This is the first modification I did and, like you, was also apprehensive regarding the installation process.
As far as I am concerned, NOBODY, no matter how qualified or professional they may be, will take care of the whole process (and your car) as good as yourself. So, if you can find the time, I would urge you to go for it.

A guide I made at that time may be helpful: TinyUpload.com - best file hosting solution, with no limits, totaly free

Bear in mind that some of the links may be outdated so feel free to ask for more assistance.
P.S.: A patch loom, or Toyota-to-ISO wiring harness is the quickest and "cleanest" way to connect your new stereo (presumably having ISO connectors in the back) to the connectors you will unplug from the factory stereo.
Quote:
Originally Posted by Mick Hatzo View Post
The only tools you need are your fingers, a Phillips head screwdriver and a 10mm wrench/socket.

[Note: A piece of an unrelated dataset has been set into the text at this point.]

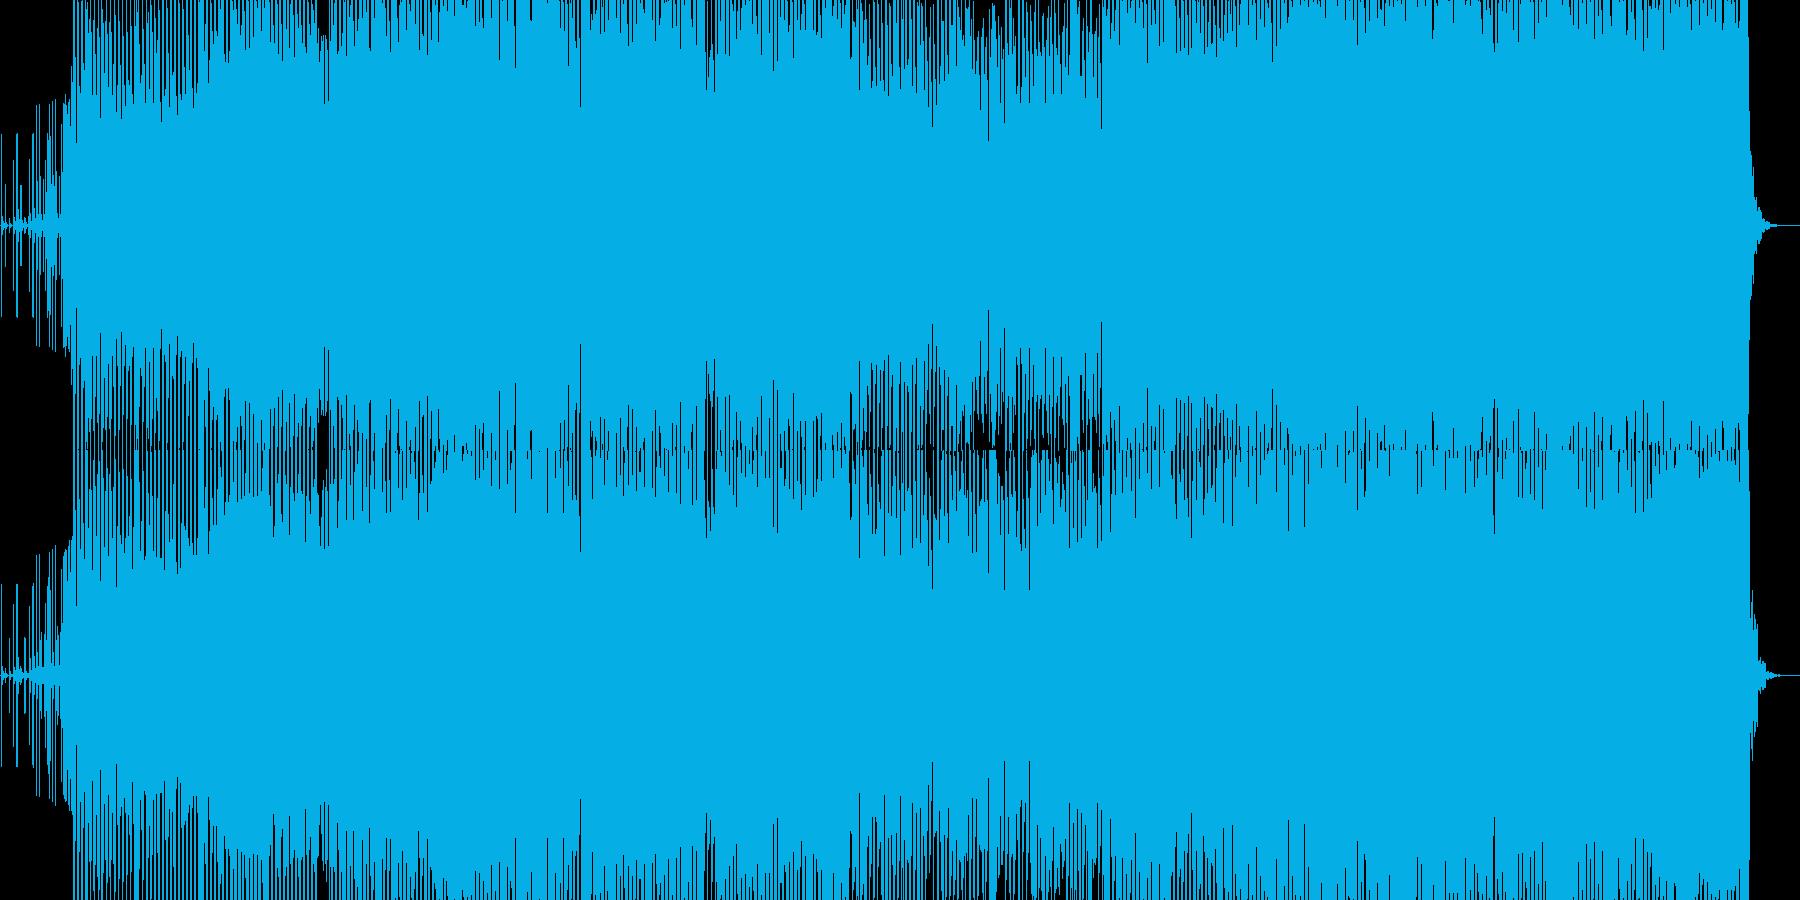 アシッドハウスミュージックその1の再生済みの波形

The latter tools can be borrowed or even bought for next-to-nothing. The Toyota-to-ISO adapter harness shouldn't cost more than 5-7 dollars.
Since you don't have to solder, crimp, splice or drill through anything, there really isn't any way to harm your car (added bonus: everything is reversible this way).
Take your time, be it 30 minutes or 5 hours, nobody will judge you. Have a friend or family member around for a second opinion/suggestions. Trust me, if you are able to plug/unplug an electrical appliance to a wall socket, you are more than qualified to undertake this job.